The original intention of this project was to write my flight control program in C++. The issue is that the PWM hat control library from Adafruit is in Python. Then I found some test code for the MPU-6050 Gyroscope and Accelerometer chip but that was also in Python. I looked around to see if anyone had ported the library to C++ and found that Adafruit made an Arduino library. This was interesting because Arduino code is basically C so I figured I could use it and convert it to C++ libraries and it should work! right? Well, it turned out that the library for Arduino has the Wire.h library as a dependency. This doesn't work for Raspberry PI. I then thought I could port Adafruit's Arduino library to Raspberry PI C++ by using Gordon Henderson's WiringPi project. And I must say, this library is VERY nice!! I install it on every Raspberry PI I use! So all I would have to do is change any reference from using Wire.h and tell the library to use wiringPi's I2C functionality. This may actually work but not in the time frame for my Capstone project. This needs to be presentable by April 20th or so. That is just before I present for Scholar's Day at BVU.

So, a day later, I decided that it would be wiser to just write my early flight controller programs in python rather than in C++. This was due to the fact that there are already libraries written for the PWM board and example code for the MPU-6050 all written in python. There is also not a library to use the PWM board written in C or C++ so this was the best option. So, rather than rewriting two pre-existing libraries, I just change the language of my flight control program to python for now.

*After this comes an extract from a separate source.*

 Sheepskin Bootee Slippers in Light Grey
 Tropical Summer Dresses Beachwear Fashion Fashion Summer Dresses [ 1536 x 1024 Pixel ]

For my Capstone checkpoint next week, I want to solve the ESC power problem. I need to get the PI to spin up each motor in turn. Once I get this done, I need to attach the MPU-6050 orientation sensor. Once I get values from this sensor read into the PI, I want to make a very basic first attempt at a flight control program. If one side is lower than the other, that side spins faster. No fine tuning yet but some response to real world environment.

Saturday, February 28, 2015

Early Setup

I started by buying an SK450 from Hobbyking and disassembling it. If I were to do it again, I would probably buy each part individually but as this was my first time, I wanted to make sure that I got all the right parts. What better way than to use an existing aircraft? After disassembling it, I put together an SK450 Dead Cat frame and put the parts on it. If you are interested in learning why it is called a "Dead Cat" please take some time to watch this video:

I will not be making the same design decisions as the makers of the quadcopter shown in the video but the frame is the same.

After some assembly, I worked on mounting the Raspberry PI to the frame. I used one plate from the old quadcopter and drilled holes for screws.

There was an experimentation period where I thought I could just use pulse-width modulation (PWM) on any old pin on the Raspberry PI. During this phase, I quickly discovered that this was not something I could realistically do. I eventually decided to buy the Adafruit 16 channel PWM hat for Raspberry PI. I chose this part to handle PWM because it used I2C to send messages from PI to PWM controller and if I ever (for whatever reason) decided to change to an Arduino or another micro-controller, all I would need is an I2C interface on that controller and I have an easy way to connect to the speed controllers with minimal physical reconfiguration. I also chose this device because it was a "hat" for the Raspberry PI and that ability to be stacked really helps the design. After zip-tying everything together, and tightening the last few screws, I pretty much completed the physical assembly.

Thursday, January 1, 2015

Initial Post - Project Description

The goal of this project is to make a quadcopter with a Raspberry Pi as the flight controller. When making a aerial vehicle, there are a few things that must be handled with care in order to keep it flying. This blog will outline my progress as I learn about the things I need to keep track of as my quadcopter eventually takes flight.